TEMPO.CO, Jakarta - Manajer Manchester City Pep Guardiola memiliki reputasi yang mengagumkan di Liga Champions. Guardiola membawa Barcelona memenangi kejuaraan utama antarklub Eropa itu dua kali. Namun ia punya rekor buruk dalam partai tandang Liga Champions di babak knockout.
Pengalaman pahit di kandang lawan itu membuat Guardiola bersikap lebih hati-hati saat membawa Manchester City tampil di Stadion St Jakob-Park, Basel, Swiss, Rabu dinihari nanti, 14 Februari 2018. Ini pertemuan pertama babak 16 besar Liga Champions musim ini.
Di Barcelona, Bayern Muenchen, dan Manchester City, Guardiola membawa tim-timnya itu tampil 22 kali pada babak knockout Liga Champions sebelum tampil di kandang Basel FC dinihari nanti. Dari 22 kali laga tandang, timnya hanya menang empat kali, seri 10, dan kalah delapan kali.
Pada 17 kali kesempatan di antaranya, tim asuhan Guardiola harus menjalani laga tandang lebih dulu. Hasilnya tiga kali menang, tujuh seri, dan tujuh kali kalah.
Salah satu alasan tim-tim Guardiola—untuk sementara—kerap mendapat hasil yang tidak memuaskan pada partai tandang adalah gaya kepelatihan manajer asal Spanyol ini.
Guardiola dinilai sebagai manajer paling proaktif dalam sejarah sepak bola. Ia lalu berpikir bahwa inisiatif untuk lebih dulu mengendalikan permainan adalah hal penting. Ia akan menyuruh para pemainnya segera mendominasi penguasaan bola dan mengambil alih irama permainan dari lawannya.
Strategi tersebut selalu dilakukan pada laga kandang dan tandang.
Saat konferensi pers pada Senin malam di St Jakob-Park, Guardiola bicara dengan jelas apa yang akan dilakukannya.

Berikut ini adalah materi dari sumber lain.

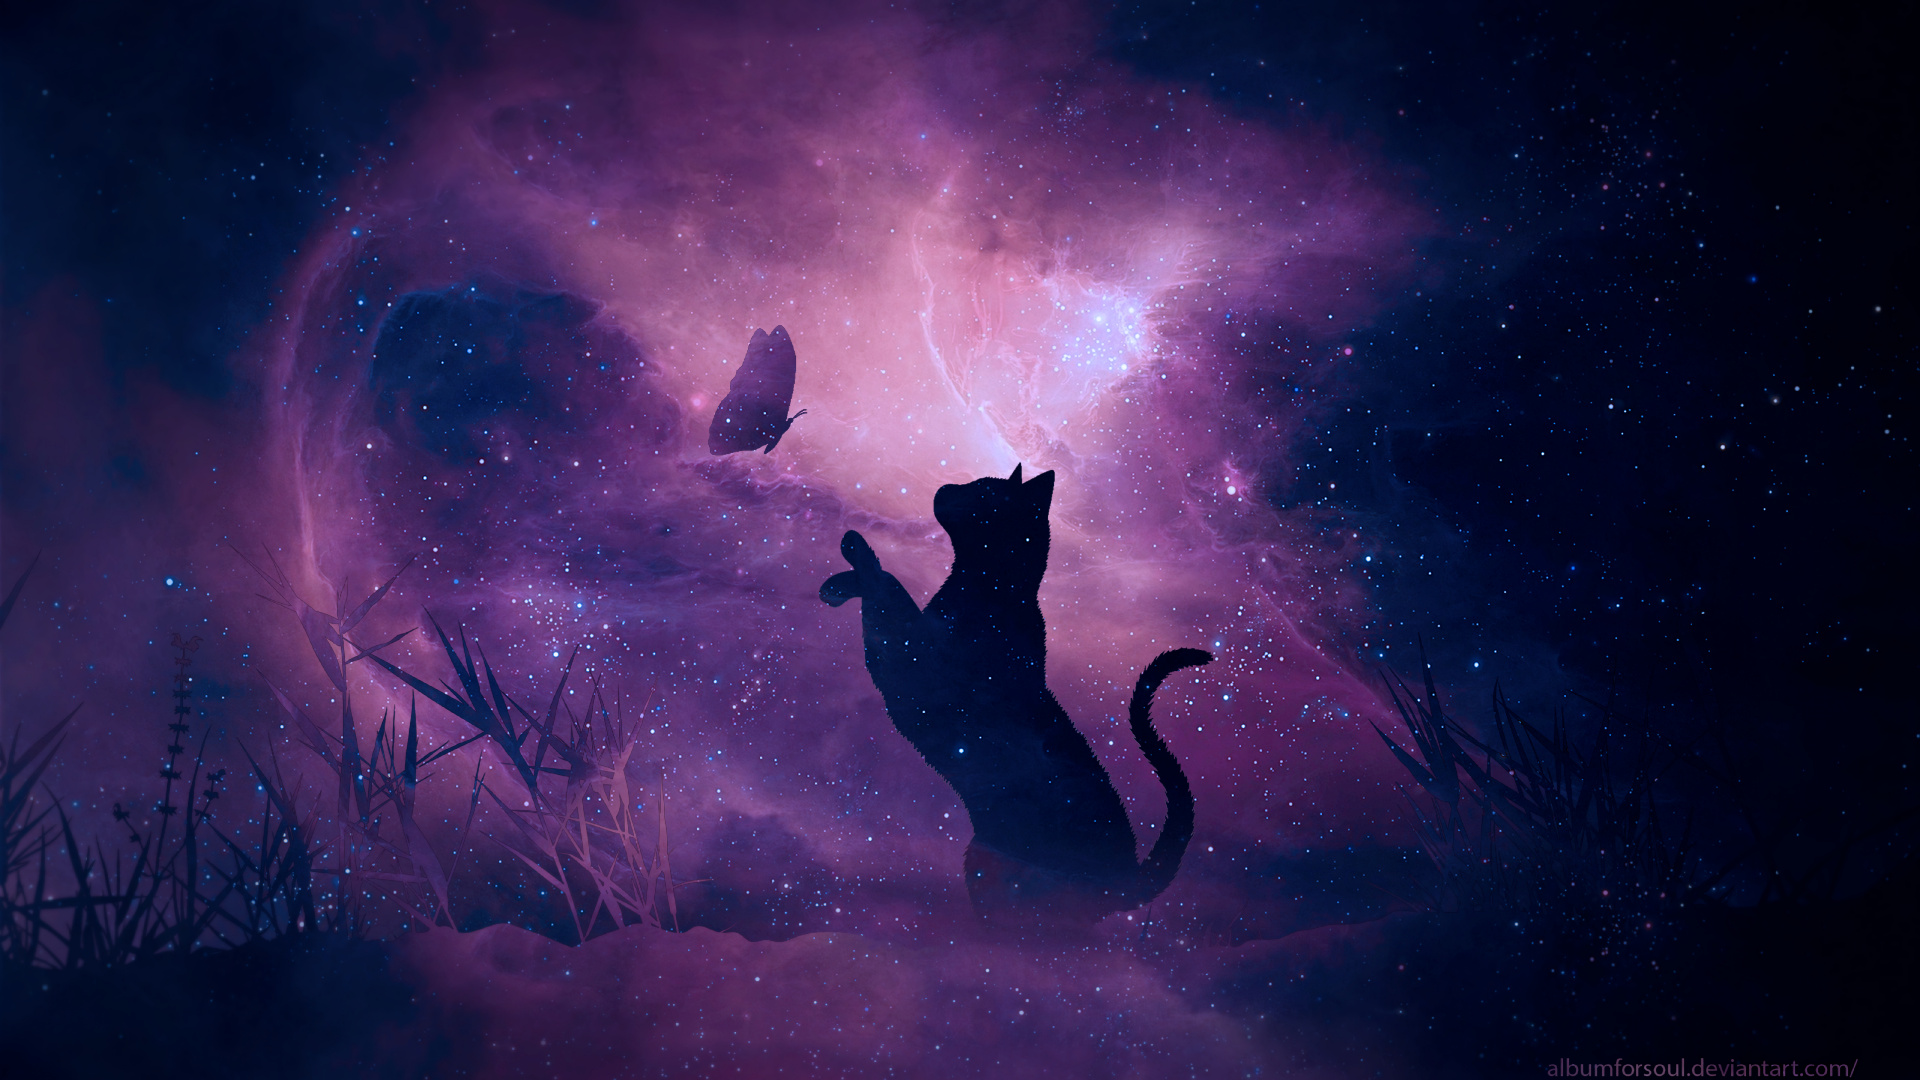 Black Cat on Grass Field During Night Time. Wallpaper in 1920x1080 Resolution

“Kami akan terus berusaha. Dalam setiap pertandingan, sejak kami bersama-sama untuk 18 bulan, kami akan berusaha memaksakan gaya permainan kami,” kata Guardiola.

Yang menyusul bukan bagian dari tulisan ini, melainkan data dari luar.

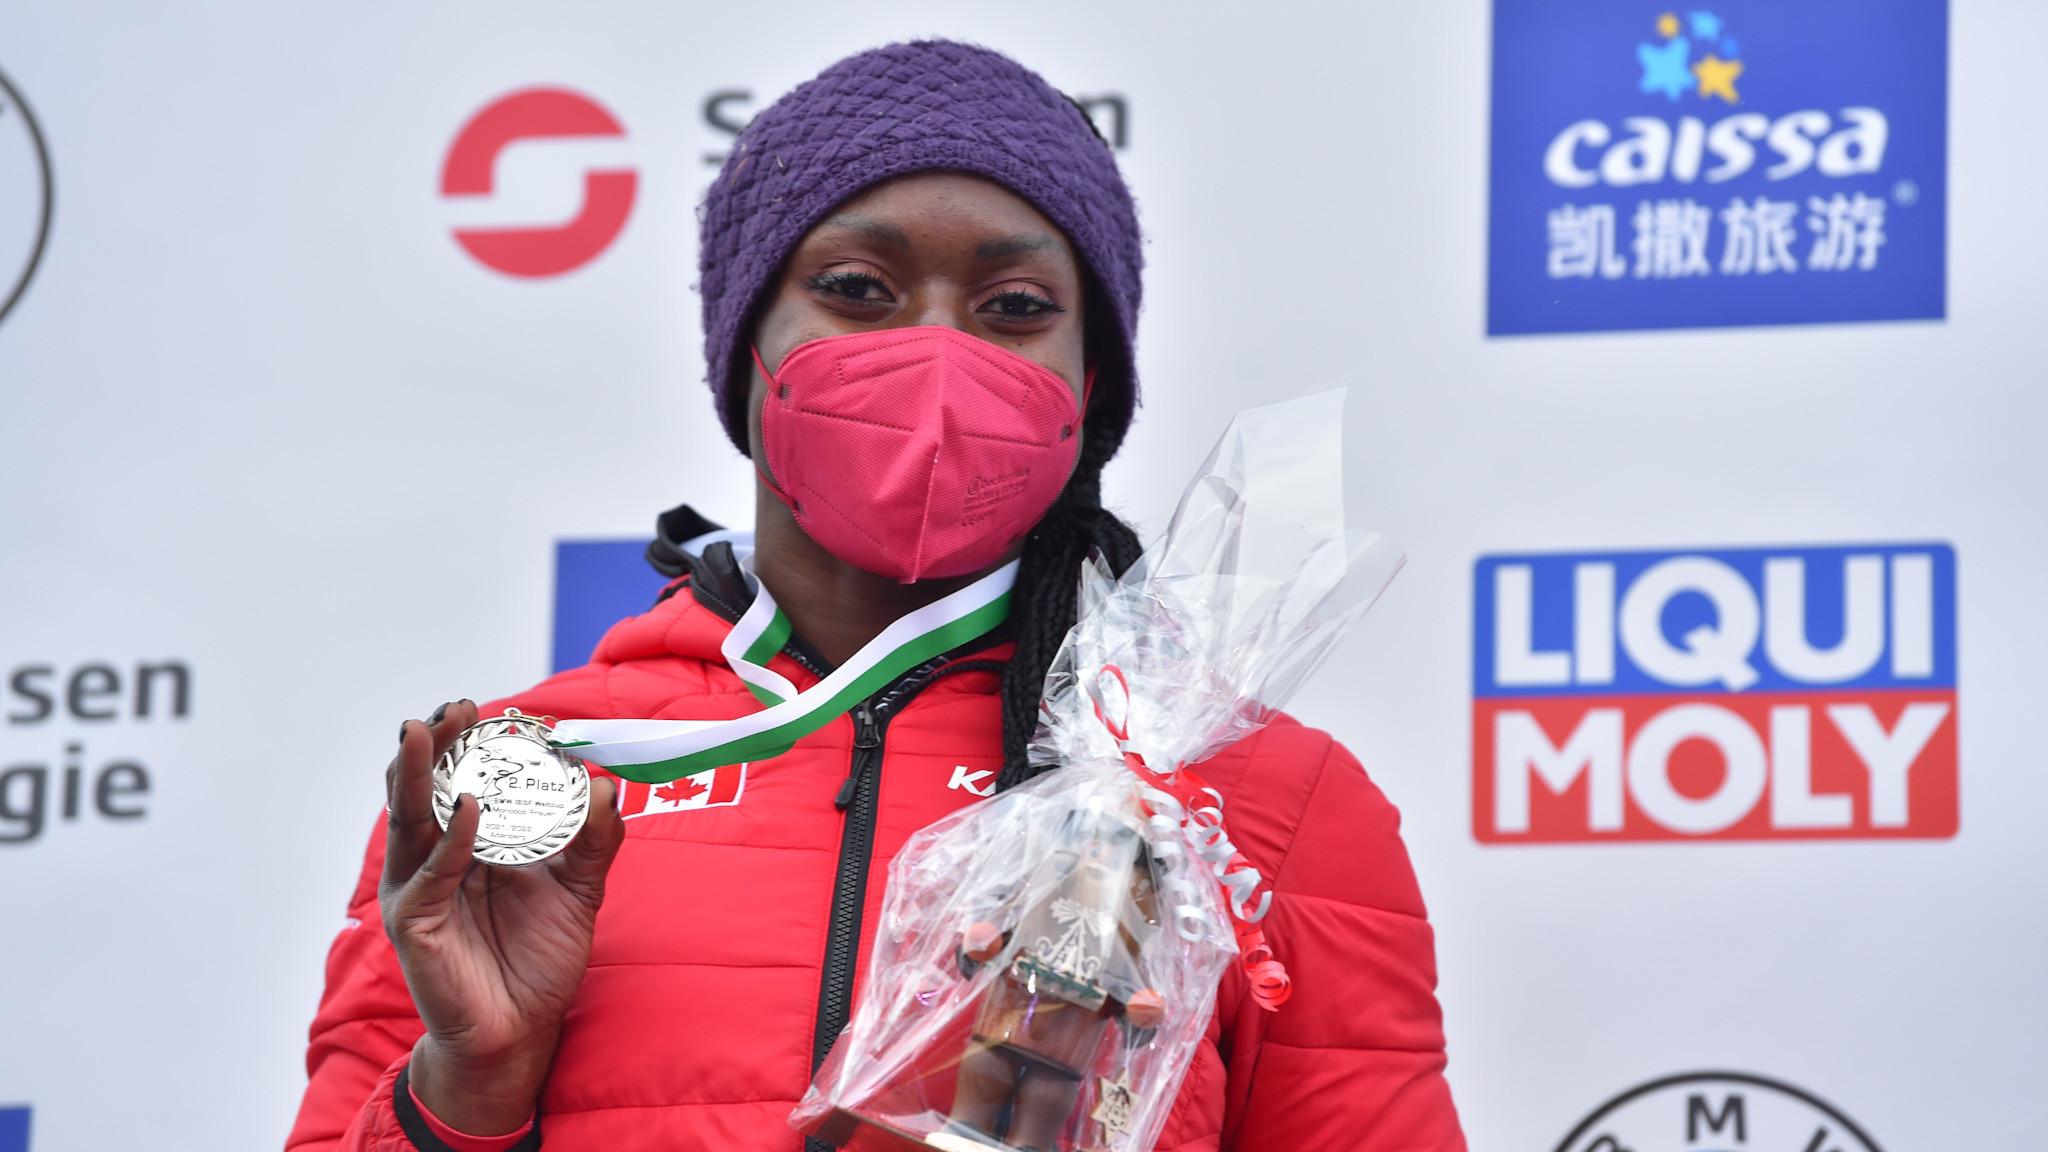 Cynthia Appiah finished second in the Women's Monobob World Series round in Altenberg, 0.06 seconds behind Humphries ©IBSF/Viesturs Lacis

“Liga Champions adalah kompetisi yang sangat berbeda dengan liga domestik, Liga Primer Inggris. Sebab, kemampuan fisik serta kualitas teknik individu dan tim lawan sangat tinggi. Kami berharap bisa mengontrol permainan semaksimal mungkin dan lolos ke babak berikutnya,” tuturnya.

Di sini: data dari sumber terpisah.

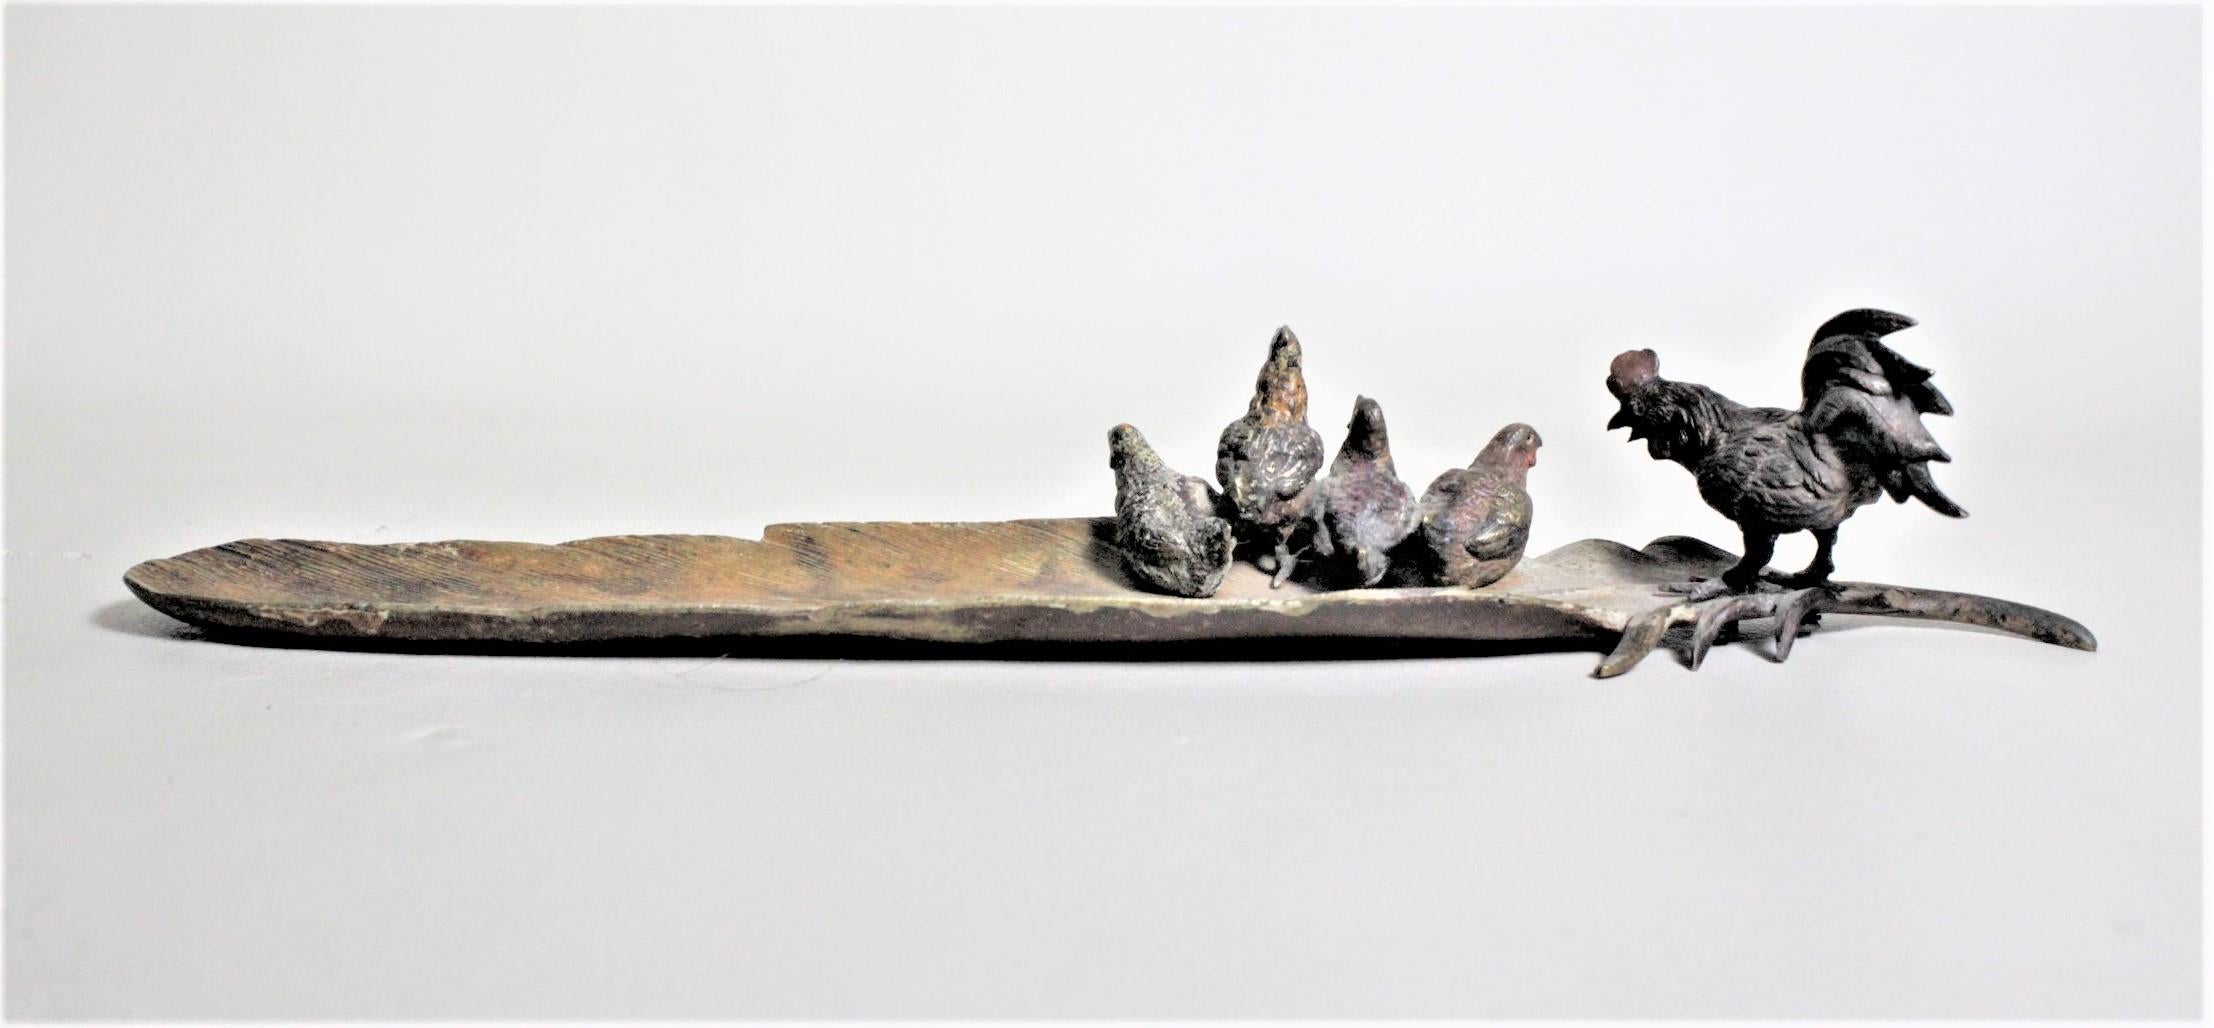 This antique cast and cold-painted bronze sculpture is unsigned but presumed to have been made in Austria in circa 1920. This well executed cast bronze study depicts several hens perched on a tobacco leaf and being overseen by a rooster. The casting

Beberapa kali keinginan Guardiola itu tak tercapai, seperti ketika Bayern Muenchen tampil di kandang Arsenal, Februari 2014, dalam babak 16 besar. Tapi Bayern tetap bisa menang 2-0.
Guardiola tidak seperti Jose Mourinho atau Diego Simeone, yang menyuruh para pemainnya bertahan di garis belakang dan membiarkan lawan menguasai bola jika tampil di kandang lawan. Hal itu terutama untuk partai-partai besar dan menentukan.
Permainan progresif Guardiola juga beberapa kali menemui kegagalan menyakitkan. Pada semifinal 2012, Barcelona sangat gemilang di kandang Chelsea. Tapi kemudian kecolongan gol dari Didier Drogba. Barca juga kalah pada pertemuan pertama di kandang Inter Milan pada 2010. Tuan rumah mengandalkan serangan balik.
Bermain agresif ketika jauh dari kandang selalu menimbulkan risiko, antara lain meninggalkan celah di belakang. Guardiola tahu dan karena itu ia sadar persiapannya harus matang.
“Lawan-lawan (di Liga Champions) akan sangat jeli dan Anda harus juga seperti itu. Bagaimana Anda mengontrol momen-momen buruk selama 180 menit. Jika mampu melakukannya, Anda punya peluang besar melaju,” kata Manajer Manchester City ini.